El hechicero retiró las mantas que cubrían la parte inferior de su anatomía y mostró sus piernas, ambas con una gangrena avanzada, repletas de arañazos de aspecto sucio e infectado. Uruviel se apresuró y avanzó hasta él con intención de llamar a la Luz para sanarlo.

–No, no lo hagas. No malgastes tu energía. Ya es tarde para mí. Lo noto en la sangre que corre por mis venas, lo percibo en mis músculos anquilosados: no voy a sobrevivir a la podredumbre. Mi petición es la siguiente: dame una muerte digna.

–No puedo hacerlo.

–Niña, escúchame: provengo de una larga estirpe de magos; he visto cosas que tú jamás alcanzarías a soñar, así que tengo derecho a decidir mi propia muerte. No quiero pudrirme lentamente por dentro, viendo cómo el resto de mis compañeros me observan con condescendencia. Te debes a mí, a tu pueblo: por favor, ten piedad.

La elfa de sangre asintió con expresión amarga. Levantó a Lothven en su lecho y se arrodilló frente a él, pero cuando su mano derecha aferró el arma para aliviar su agonía,sus dedos temblaron y la dejaron caer al suelo.

–Visita El Retiro del Errante cuando regreses y cabalga en mi honor.
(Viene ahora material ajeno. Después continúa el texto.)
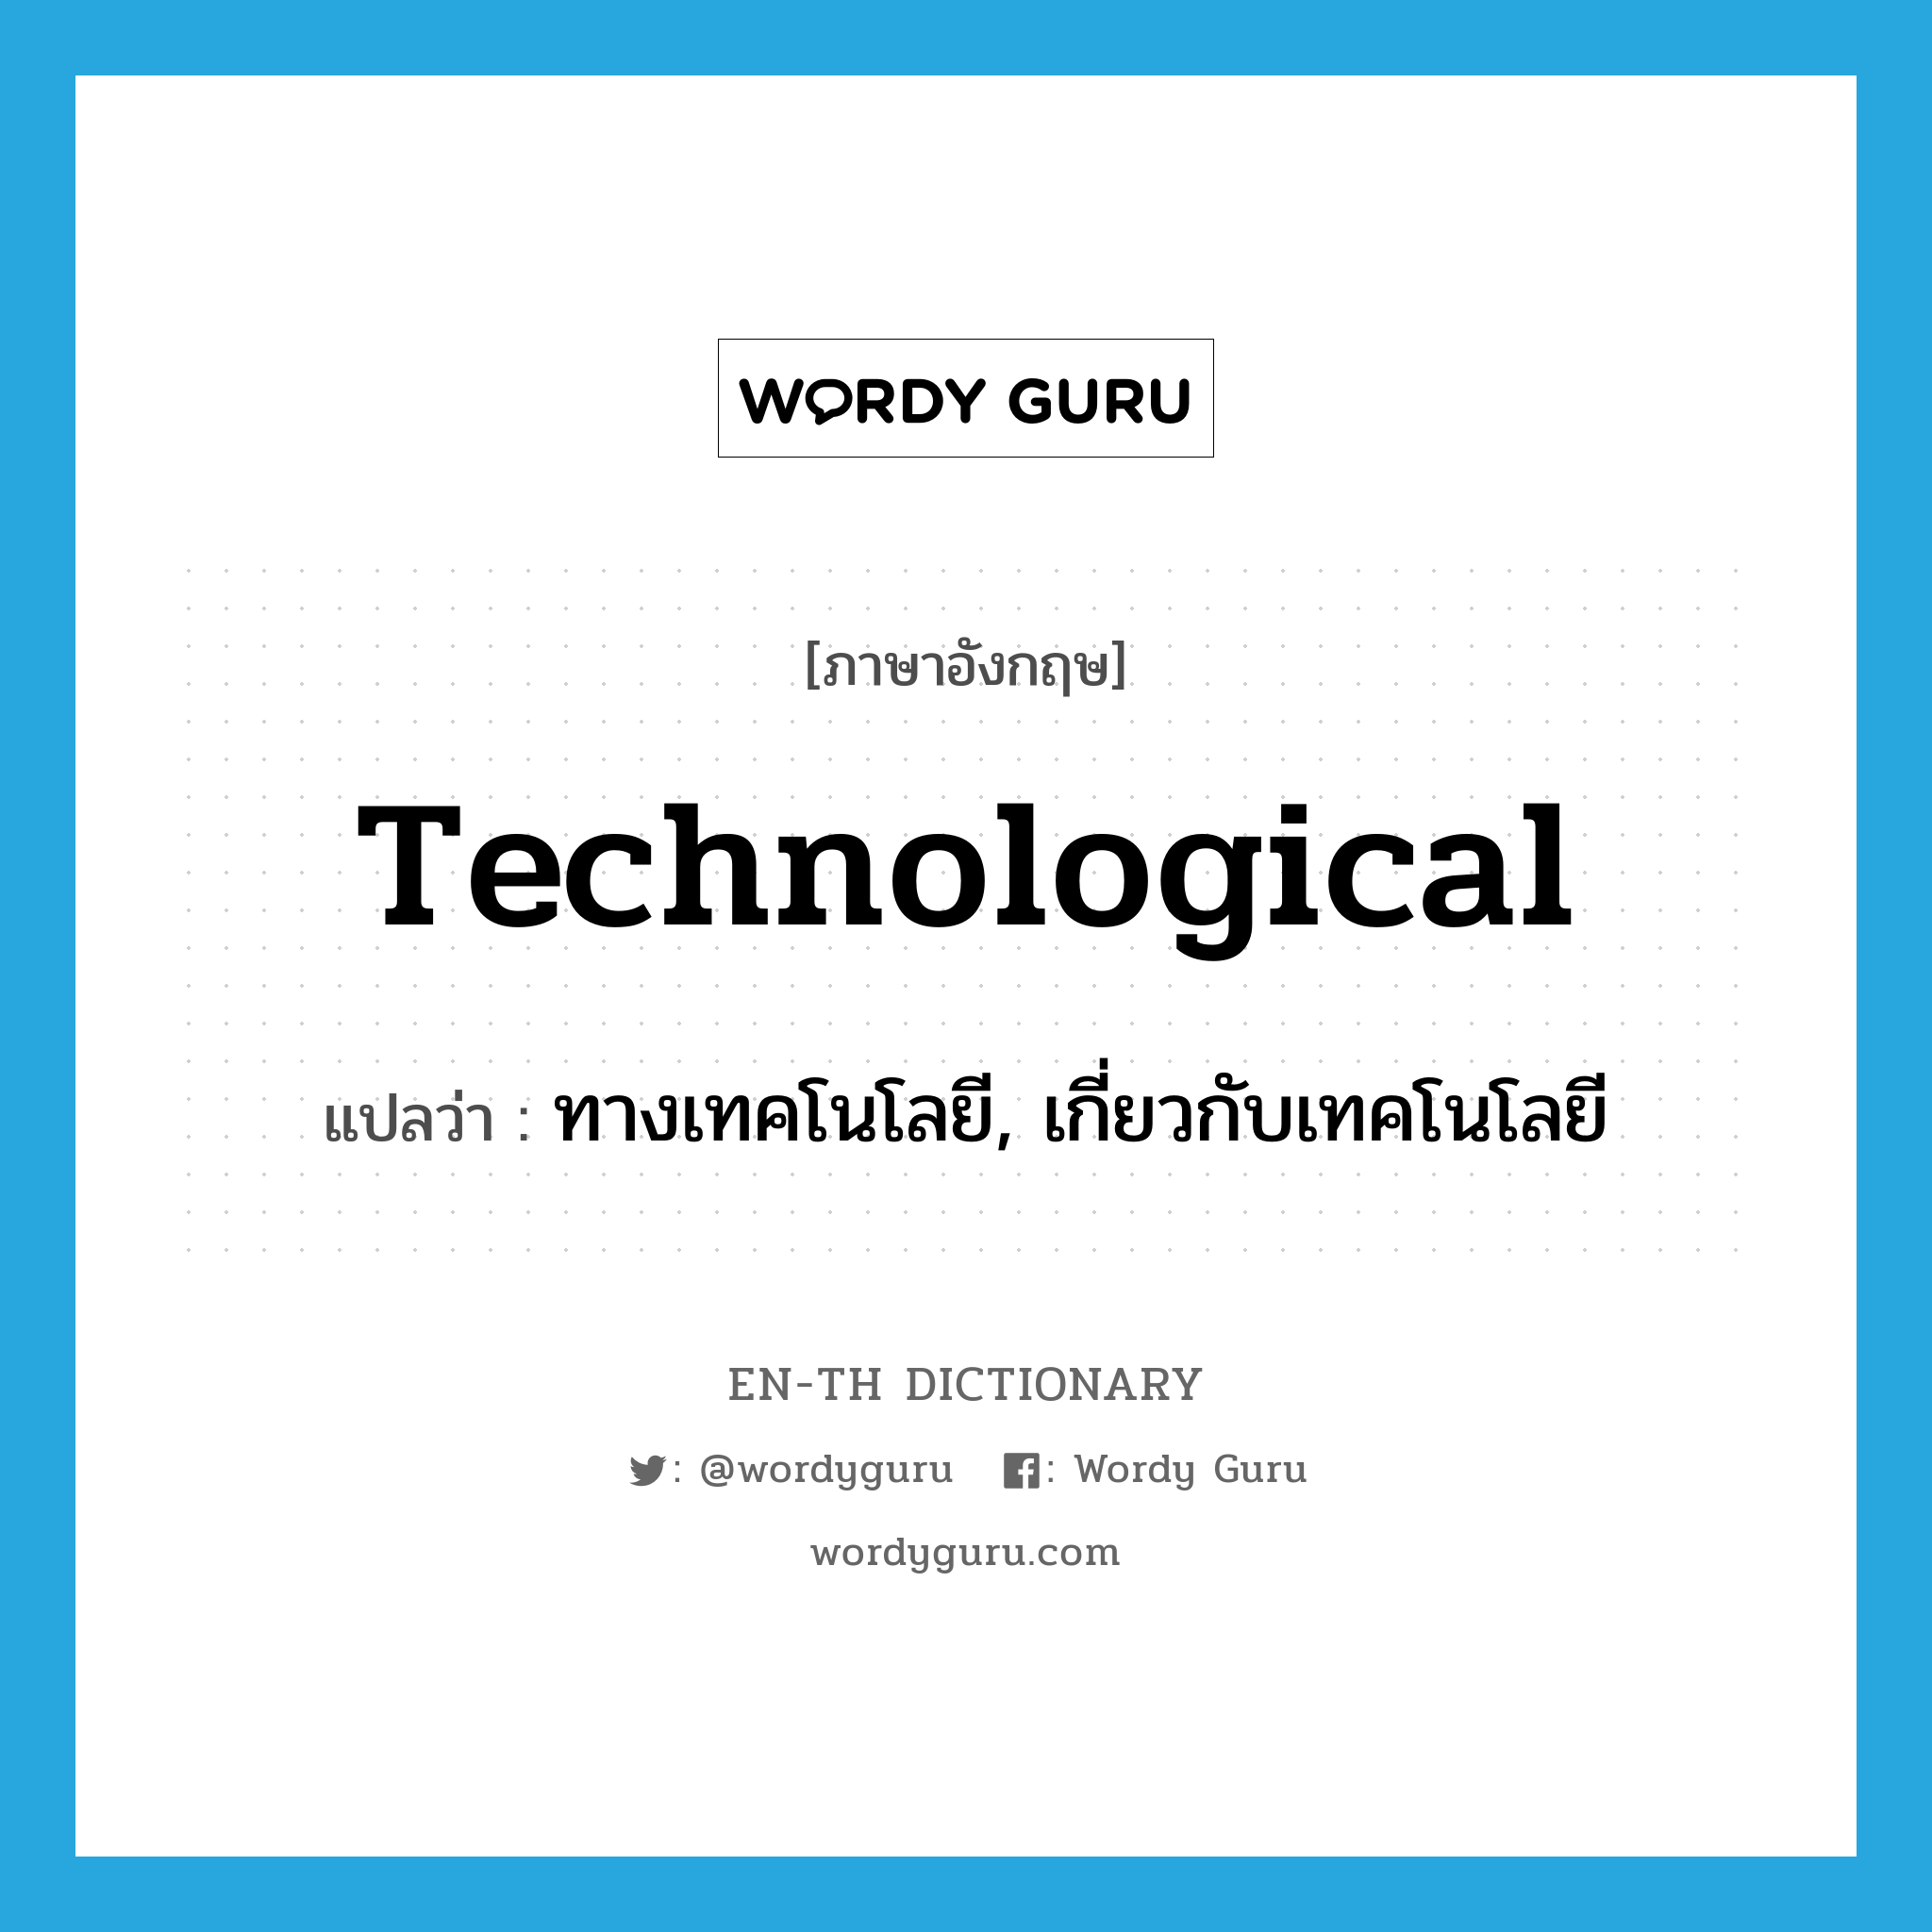 ทางเทคโนโลยี, เกี่ยวกับเทคโนโลยี ภาษาอังกฤษ?, คำศัพท์ภาษาอังกฤษ ทางเทคโนโลยี, เกี่ยวกับเทคโนโลยี แปลว่า technological ประเภท ADJ หมวด ADJ

Uruviel giró la lanza nada más recogerla y atravesó el corazón del mago antes de que pudiese añadir un suspiro más a su petición. Al sacar la hoja de su pecho, Lothven tosió una masa sanguinolenta de sangre y saliva y cerró los ojos.

–Lo haré.

Tardó un día completo en ponerse en marcha. Cargó con el cuerpo del hechicero a la espalda y caminó por la nieve hasta hallar el campamento. Los restos de su corcel habían sido devorados hasta los huesos. Se prometió a sí misma volver por ellos para quemarlos y esparcir las cenizas junto al El Retiro del Errante.

A fin de cuentas, la promesa hecha a un difunto era sagrada: Roheryn cabalgaría para toda la eternidad en honor a Lothven Estrella Ardiente.